Vous avez dit que l'indépendantisme était passé de 10 % des voix il y a dix ans à 47 % ou 48 % aujourd'hui, ce qui est vrai. Pour moi, c'est lié au malaise social provoqué par la crise. En Italie, la Ligue du Nord obtient plus de 30 % des voix ; en France, vous avez Marine Le Pen ; au Royaume-Uni, il y a le parti du Brexit : on observe le même mouvement vers des politiques nationalistes ou identitaires en réponse au malaise politique créé par la crise. De ce point de vue, l'Espagne ne se distingue pas des autres pays.

On ne peut pas non plus dire que le problème résulte de relations difficiles entre l'État central et les régions autonomes puisque l'Espagne est le deuxième pays le plus décentralisé du monde.

Vous avez dit que la justice espagnole était conservatrice - c'est possible ; personnellement, il me semble que les juges sont tous plutôt conservateurs... Le Tribunal constitutionnel espagnol, à plusieurs reprises, a indiqué au parlement catalan à majorité indépendantiste ce qu'il ne pouvait pas faire ; les parlementaires catalans n'en ont pas tenu compte et ont attaqué le gouvernement espagnol devant la CEDH qui a donné raison au Tribunal constitutionnel espagnol, estimant que la suspension de la séance du parlement catalan était une exigence démocratique, puisque ce dernier violait la loi. Donc, les juges de la CEDH sont aussi conservateurs que les juges espagnols !

Par ailleurs, il y a un double degré de juridiction en Espagne comme dans tous les pays démocratiques. Cependant, en Espagne, les élus sont justiciables du Tribunal suprême et ont une possibilité de recours devant le Tribunal constitutionnel pour tout ce qui touche à leurs droits fondamentaux. C'est ainsi.

Un détail, enfin, ce n'est pas la procureure générale qui a dit que le jugement interviendrait au début du mois d'octobre, mais le procureur compétent pour cette affaire, lors d'un déplacement à Buenos Aires. On me précise qu'il aurait indiqué que la décision interviendrait à une date proche de la Fête nationale, qui tombe le 12 octobre.

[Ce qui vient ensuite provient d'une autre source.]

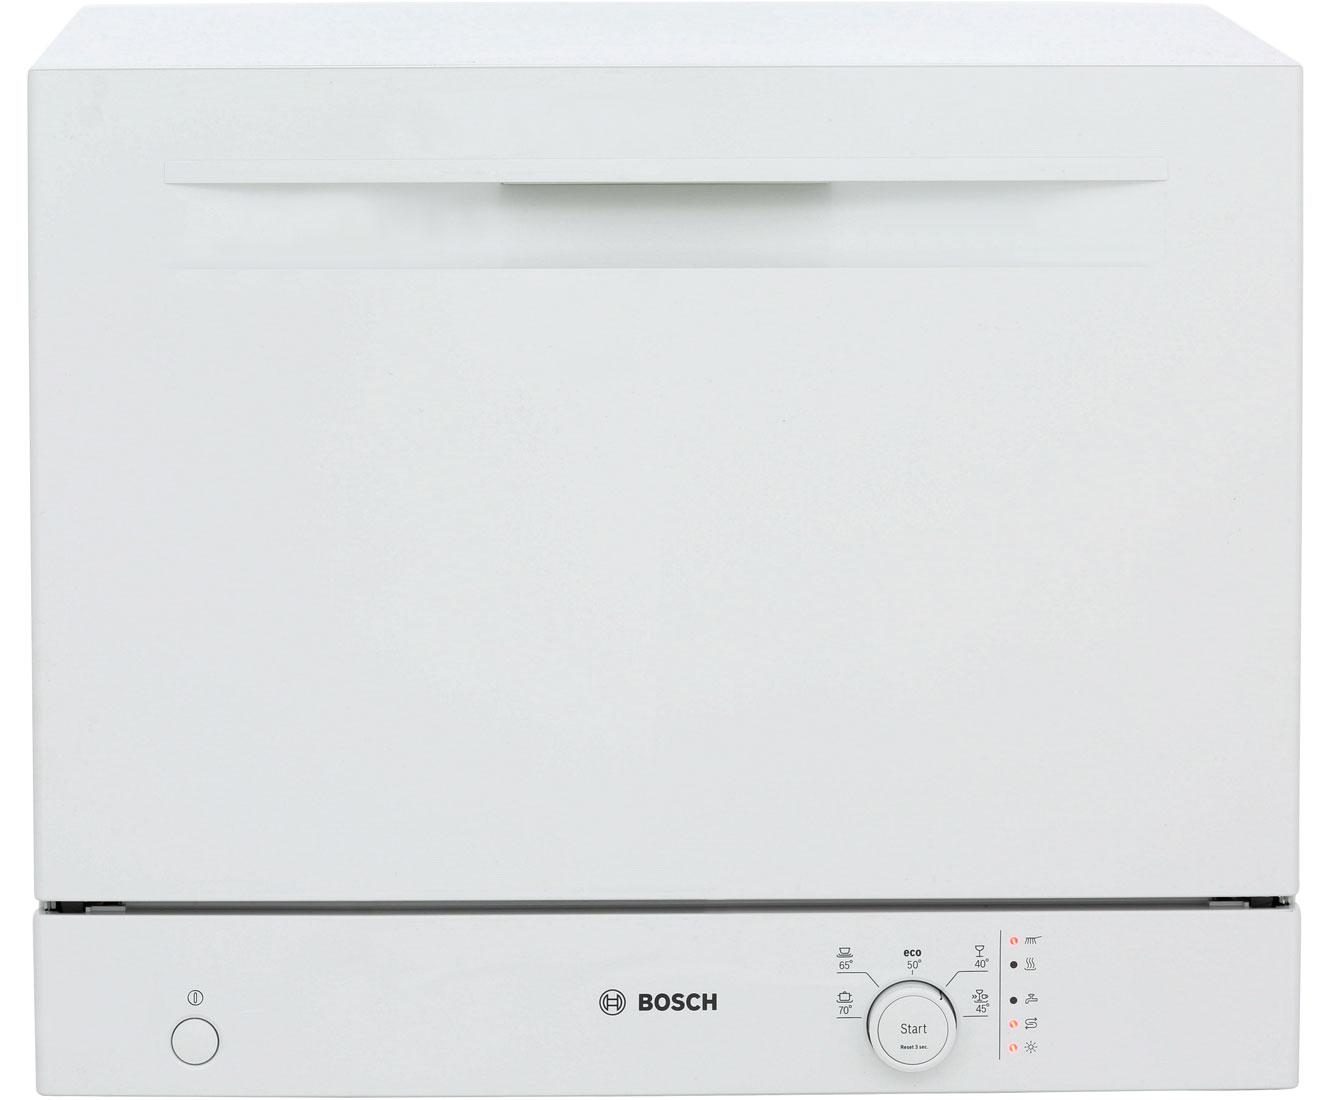 Bosch Serie 2 SKS50E32EU Tisch-Geschirrspüler - Weiß

Si M. Puigdemont ne peut pas siéger au Parlement européen, c'est parce qu'il n'est pas venu prêter serment devant l'autorité électorale à Madrid. Certes, il aurait pris un risque en le faisant, et je n'ai pas à le juger. Pour M. Junqueras, le Tribunal suprême a décidé qu'il devait rester en détention préventive, en raison du risque de fuite. Deux ans de détention préventive, c'est beaucoup, cela ne me plaît pas non plus, mais ce sont les juges qui l'ont décidé afin de ne pas fausser le jugement. Quant à Valtonyc, je peux seulement dire que j'ai défendu la liberté d'expression bec et ongles lorsque j'étais journaliste.

Enfin, si l'on observe le nombre de condamnations par la CEDH, l'Espagne est largement sous la moyenne des autres pays européens. Le cas de la Catalogne ne doit pas occulter le reste du tableau. L'Espagne a largement prouvé son engagement dans la défense des droits de l'Homme. J'aurais volontiers abordé la question de la « légende noire » de l'Espagne, mais nous ne disposons pas de suffisamment de temps.